It’s Melbourne Festival time again and as the CBD is taken over by gigantic demonic (and angelic) babies, as well as other assorted festival paraphenalia, I thought that we’d have a mini festival-of-festivals.
Since its birth in 1986 as a branch of the Spoleto Festival, Melbourne’s own arts festival has firmly secured its place on the international calendar, and this short history outlines its remarkably adventurous first 20 years. Looking back over some of the programmes brings back many fond memories of times spent in theatres, concert halls, churches and many other less conventional venues. Some of my own personal highlights: Nigel Triffit’s Fall of Singapore, William Christie and Les Arts Florissants performing Purcell and Charpentier. and that wild Bach year curated by Jonathan Mills, currently artistic-director of the Edinburgh Festival. And we mustn’t forget The Adelaide Festival of the Arts, still going strong after over 50 years, and still considered one of the most important cultural events worldwide.

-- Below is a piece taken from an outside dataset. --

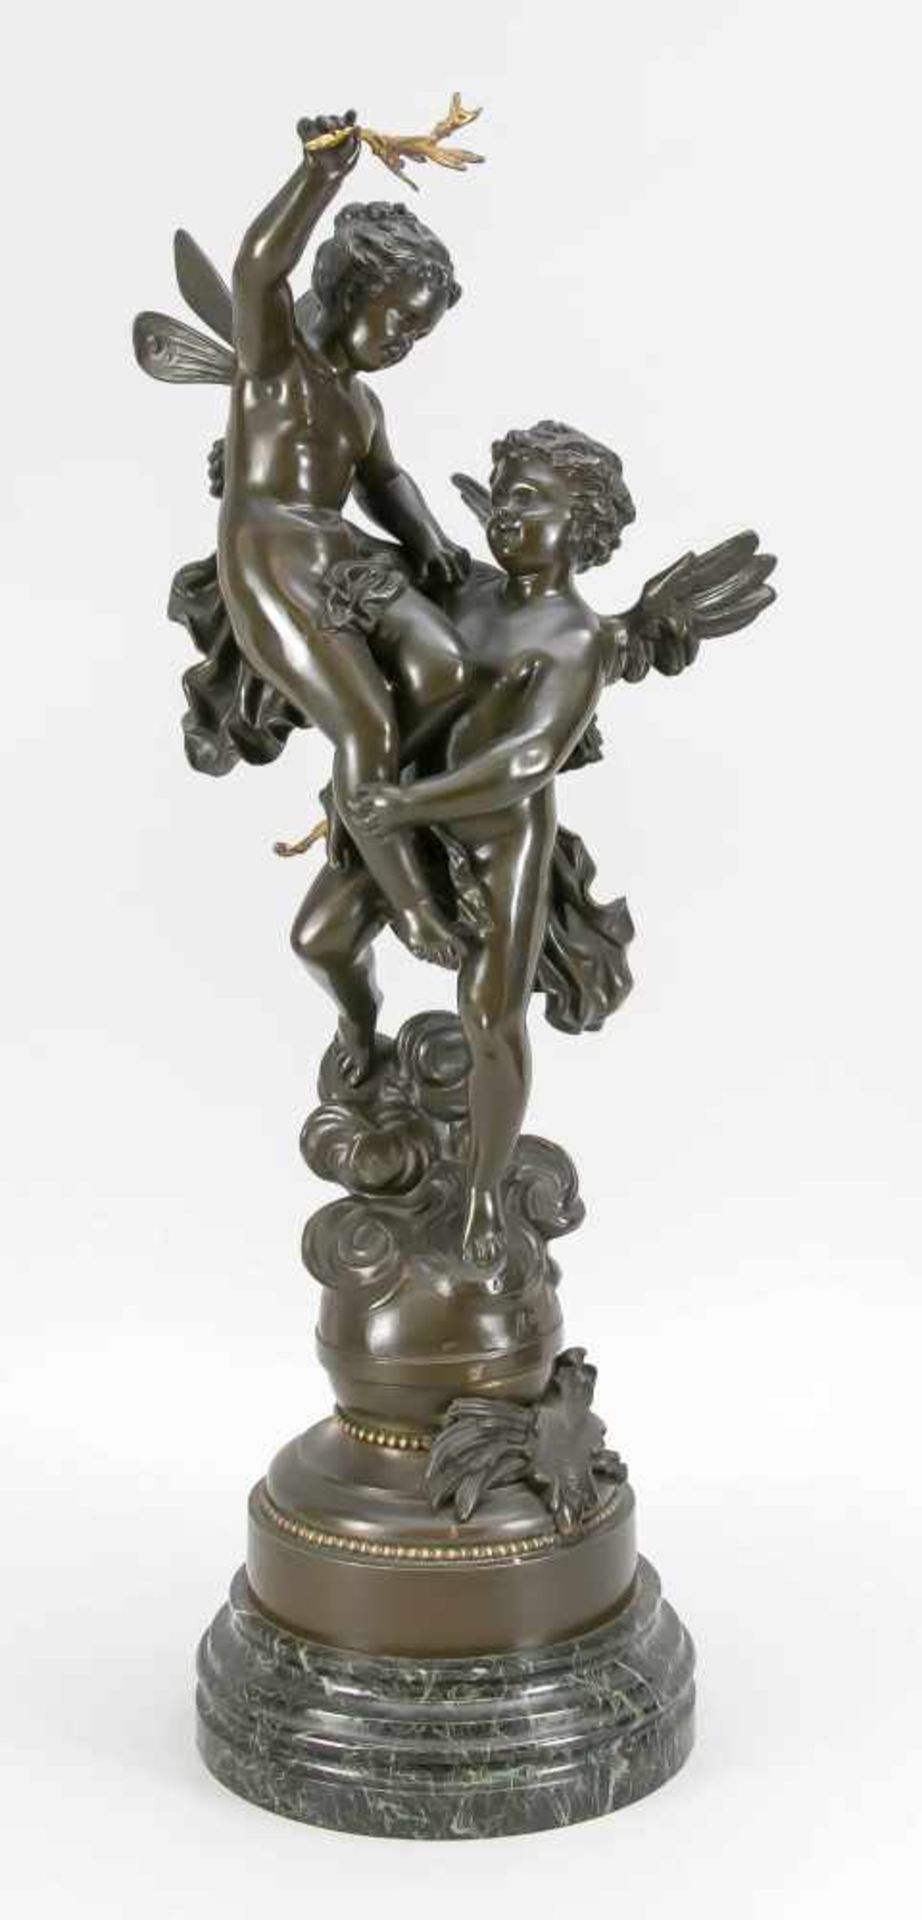 Ernest Rancoulet (1842-1918), große Bronzegruppe "Triumphato", junges Engelpärchen sich

The London Proms remains one of the largest music festivals in the world, and this recent book examines not just its history but also its audience (known as “prommers”) as well as its ever changing character. The famous “last night” gets lots of attention, and the list of musicians who have appeared over its many years is a virtual who’s-who of classical music; including great Welsh dramatic-soprano Gwyneth Jones who rips into Rule Britannia on this YouTube clip from 1991.
Just look at some of the names that Australia’s Big Day Out rock music festival has attracted since its inception in 1992: Nirvana, Blink 182, Muse, Violent Femmes, Iggy Pop and the Stooges, The Ramones, Soundgarden, Marilyn Manson, Foo Fighters, Metallica, Neil Young, Red Hot Chili Peppers, Silverchair, Powderfinger, You Am I, The Living End, Jebediah, Grinspoon, Nick Cave and the Bad Seeds, Wolfmother, etc., etc., etc. Enough said! See if you can find yourself in this photographic celebration of what has become a really big day out.
The grandaddy of all arts festivals would have to be the Edinburgh Festival, inaugurated in 1947 as a demonstration of optimism after the trauma of the second world war. It remains at the very top of what has become a very large mountain of festivals!
As usual leaving the best till last, Moomba. Now that’s a festival!